Chief executive David Prentice said the key drivers of the reduction in ebitdaf were a reduction in the ‘fair value’ of the company’s carbon credits after a gain in the prior year (net difference of $12m), along with additional new generation development expenditure ($6m) and a difference in the allocation of corporate costs ($5m).
“The first six months of the financial year was certainly a challenge,” Prentice said.
In the first quarter, the company navigated low hydro flows and high prices, and then in the second quarter it was strong hydro flows and low prices.
“Things settled down in the second half of the year, and the final quarter of the year finished particularly strongly with solid wholesale prices and strong generation volumes,” he said.
Manawa’s $150m bond issue was well supported.
The company declared an 8.5 cents per share dividend, taking the full-year dividend to 16 cents a share.
Prentice said the company had initially focused on relaunching as Manawa Energy.
“We have a diverse portfolio of existing renewable generation assets, strong development capability, a supportive major shareholder, and significant, flexible funding ability,” he said.
The company reported total electricity generation of 1917 gigawatt hours, up nine per cent on the 1760 gigawatt hours generated in 2022.
Manawa said important milestones were achieved across the new developments pipeline and the ongoing asset enhancement programme.
Prentice said Manawa’s pipeline of potential wind and solar developments had increased further to more than 900 megawatts over the past 11 months.
“We know Aotearoa New Zealand needs a huge amount of investment in renewable generation over the coming decades – this is inextricably linked to our strategy.
“We’re working hard to ensure we’re playing our part in meeting the rising tide of demand for electricity,” he said.
“As part of the portfolio of development options we are considering, we are advancing work on a 28-megawatt solar farm adjacent to the Argyle power station, part of our Branch River hydro scheme in Marlborough.”
Manawa anticipates this project will, if pursued, deliver enough electricity to power around 8,000 average homes.
The site had a great solar resource, excellent access to transmission, good construction characteristics, and was close to resources at the Argyle station.
“If it proceeds, we estimate the solar farm will cost around $55-60m to construct and we hope it will be up and running by 2026.”
Manawa’s announced earlier this month that it was pursuing the 230MW Project Huriwaka wind development in the central North Island.
“If it proceeds, it is expected to generate around 800GWh of electricity each year.”

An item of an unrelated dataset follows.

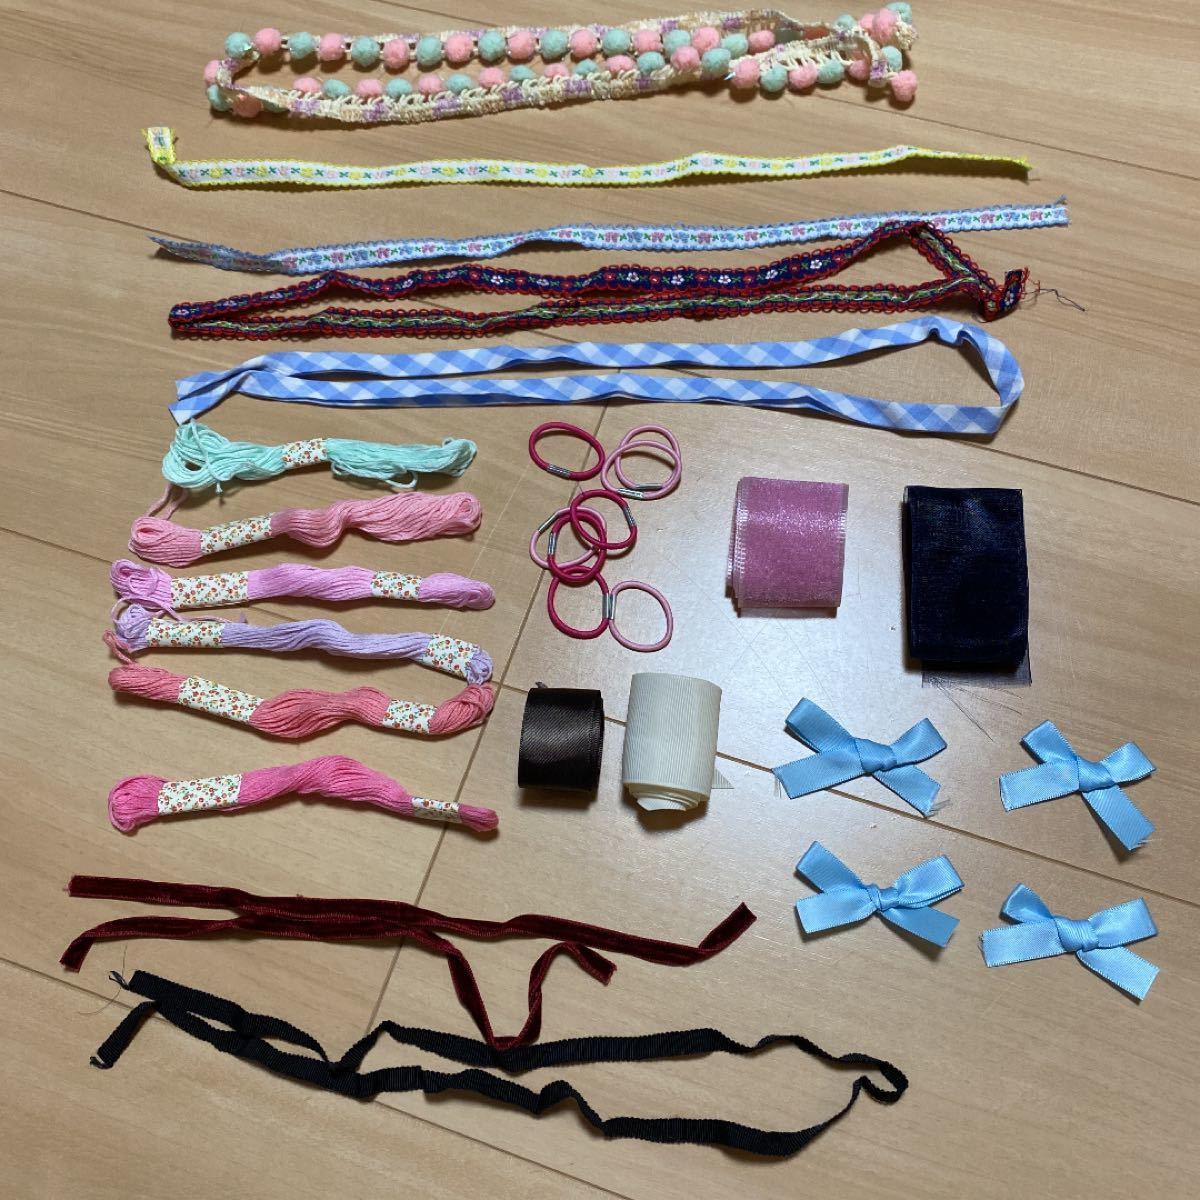 ハンドメイド材料 ハンドメイド資材  はぎれ レース 手芸用品 詰め合わせ リボン 刺繍糸 チロリアンテープ バイアステープ

Manawa said it was investing heavily in its existing generation assets and that it was on track to be delivering around an extra 80 gigawatt hours of electricity per year from these assets by the 2028 financial year.
Asset enhancement projects had been completed at the Branch River and Cobb River schemes, and major projects were also in full swing at the Waipori and Deep Stream schemes.
Manawa’s net profit came to $444m, up from $120m in the previous year, underpinned by the successful sale of the Trustpower mass market retail business early in the year.
Looking ahead, Manawa said it continued to be largely insulated from the high inflationary environment in Aotearoa New Zealand, with its revenue streams mostly linked to wholesale pricing or inflation-indexed contracts.
Prentice said there were headwinds from general cost inflation, particularly for new development project returns and major enhancement projects, but these were expected to be largely offset by projected increases in future wholesale electricity prices.
He said the company’s capital expenditure programme over the next three years was going to be significant.
The company’s guidance is unchanged from the detailed information provided in March 2023. Ebitdaf in FY24 is expected to be in the range of $120m to $140m, assuming wholesale prices remain materially in line with the current ASX forward curve, average hydrological conditions, operational expenditure of around $8m in relation to new developments, no material adverse events, and generation volumes of approximately 1915 gigawatt hours.
Capital expenditure over is expected to be in the range of $65m-$80m.
“It will undoubtedly continue to be a period of huge change and opportunity in the renewable energy sector,” Prentice said.
“We’re excited about the future as we continue to bring our strategy to life, creating value as we play our part in powering a sustainable future for Aotearoa New Zealand.”